Women’s costume retailers, like Yandy, have everything from “traditional” sexy options like cops and schoolgirls to contemporary costumes like “sexy fake news” and a “Miss Impeachment” costume with a plunging neckline, which was featured in the Washington Post.

Even somewhat tamer websites like Party City still advertise options like “Stop Traffic Sexy Cop Costume” or “Blessed Babe Nun Costume.” With the inundation of revealing costumes advertised in the mainstream each year, there can often be pressure to conform to that norm. At Syracuse University, where Halloween-themed parties abound, there’s a good chance you’ll see several of these sorts of costumes around campus.

“We seek to emulate images that we see in media,” said Beth Egan, associate professor of advertising at Syracuse University.

A sexy costume could mean different things to different people, and there are multiple reasons someone may choose to wear one. It’s entirely possible for someone to choose a costume simply because they like the way it looks, or how it makes them feel. A revealing costume could, for some women, make them feel confident in their body, or even rebel against stereotypes that women should dress conservatively.
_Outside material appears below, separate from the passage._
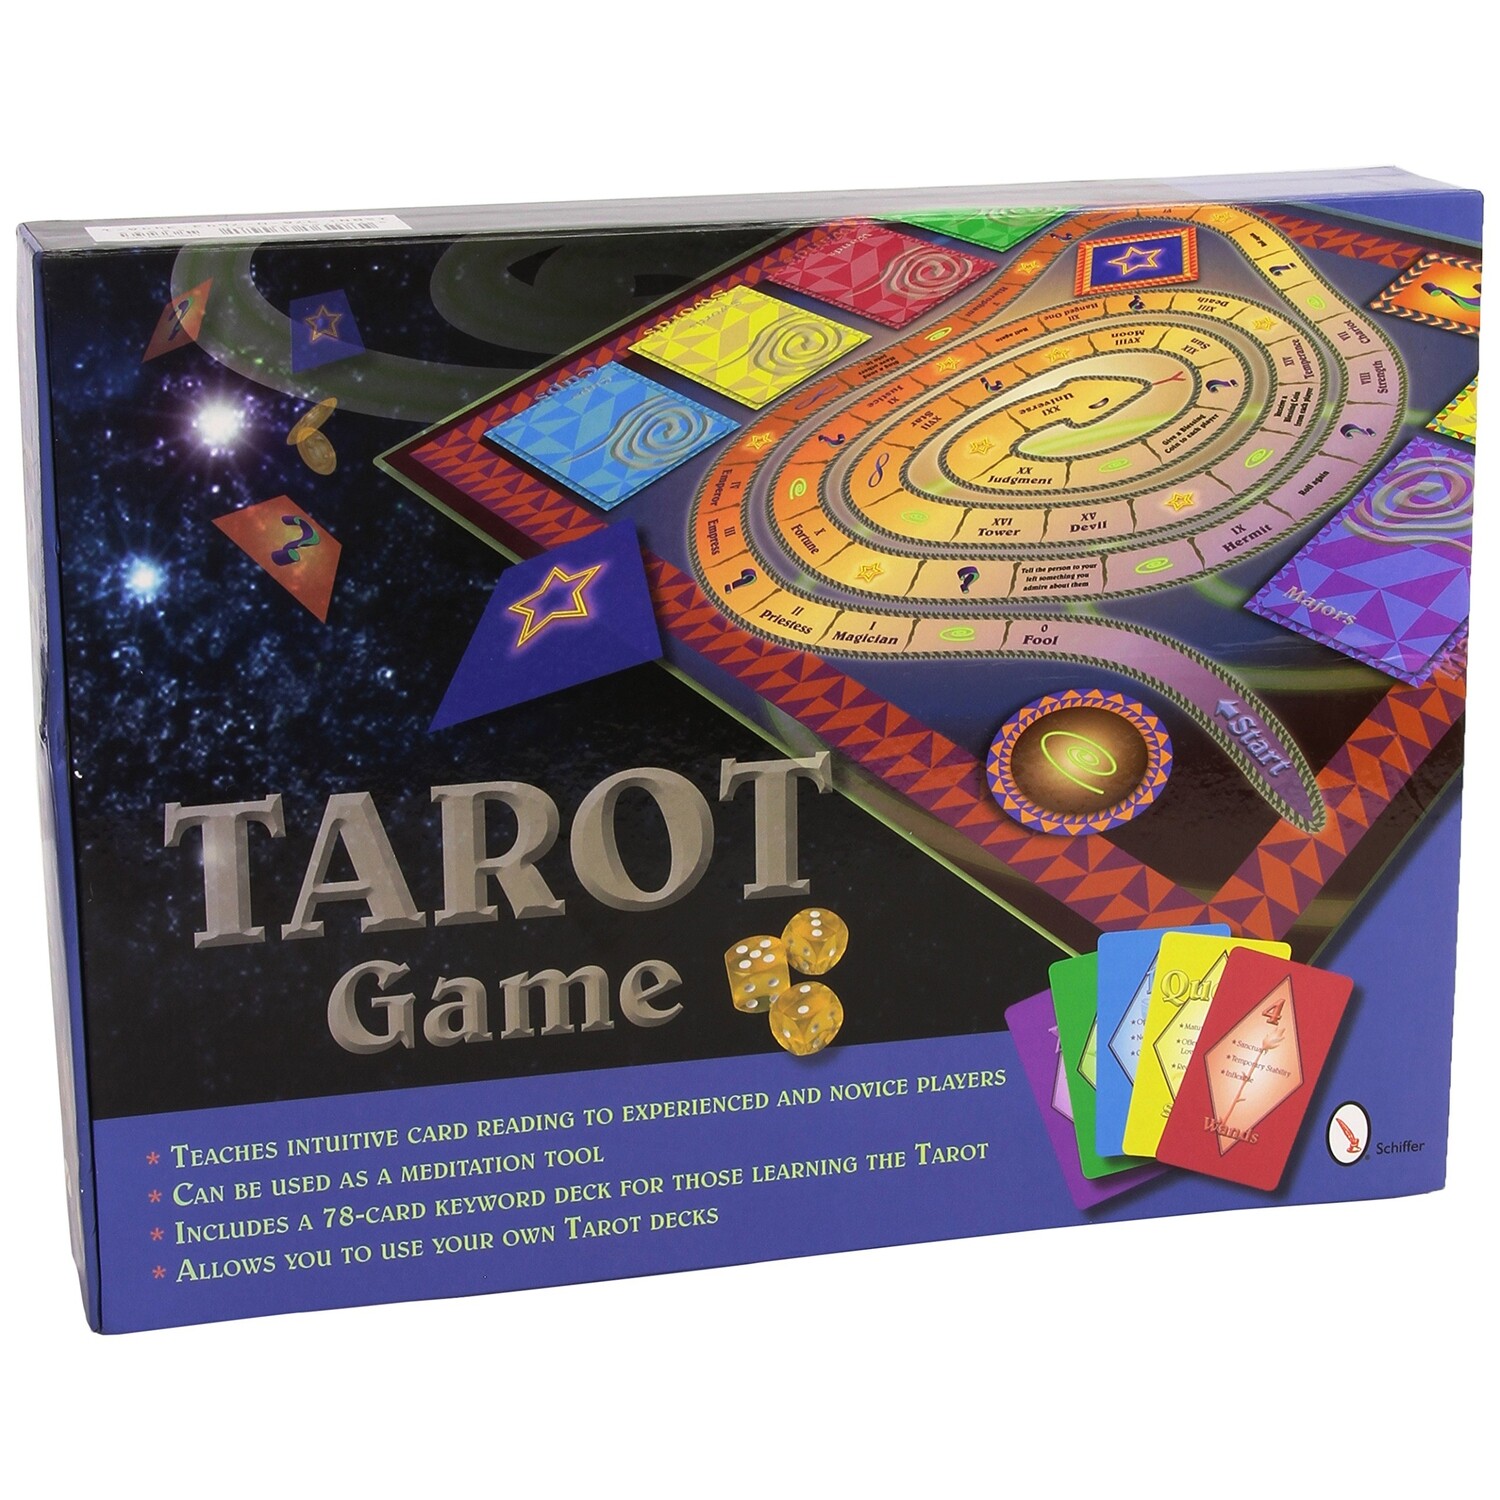 The Tarot Game

A USA Today article said women might dress sexy on Halloween “because trying to curb women’s choices is the whole problem in the first place. Women’s bodies are policed every day of the year. Halloween is a welcome reprieve and a chance for women to express their sexuality, rather than repress it.”
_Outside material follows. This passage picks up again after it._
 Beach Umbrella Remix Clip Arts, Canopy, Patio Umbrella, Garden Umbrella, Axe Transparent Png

What’s truly baffling, however, is that despite how much women are encouraged to dress and be sexy on Halloween, once they actually do so, they are often degraded for embodying that very image.

Costume bar graph

Karleigh Merritt-Henry | Digital Design Editor

When a woman dresses up in a revealing costume, she may receive immediate positive attention, but it’s often underlined with dangerous assumptions — that she must be promiscuous because of her outfit choice, or she’s less intelligent or worthy than a woman who bucks the stereotype and dresses more conservatively, or simply doesn’t go out at all.

A heavily liked October tweet offered “100$ to any girl who didn’t dress as a devil, bunny, angel, nurse, school girl, didn’t wear fish nets, twerk with a big audience for Snapchat and wasn’t recorded taking shots of Henny.”

This kind of ridicule of women for the way they dress exemplifies this puzzling dichotomy. Whether these women made the choice to dress the way they did because of social pressures or because of their own desire to be seen in a sexual way, their choice is not the issue. The issue is the way society interprets that choice.

“We want to portray people in a way that they can see themselves in,” said professor Egan. “On the one hand, that’s often the ultimate goal, but you get into certain categories, you know, beauty and fashion, where the images that we do portray are more aspirational. That’s where it gets a little tricky in terms of, is that a positive inspiration or does that turn into a negative message?”

Right now, women face two negative outcomes for how they dress on Halloween: Fulfill expectations and be considered a slut, or defy expectations and be ostracized. The solution is not to change the benchmark of what is “correct” behavior for women, but rather to throw away the standard entirely.

Women should have full autonomy over whether they choose to reveal skin or whether they choose not to present themselves in that way. We have to stop making assumptions about people’s character based on how they dress on one holiday. And the fact that we still make these assumptions reveals just how deeply entrenched this kind of judgment is in our everyday thinking.

This Halloween, let’s ditch tearing down women for their choices and embrace what the holiday should be about: expressing yourself how you choose.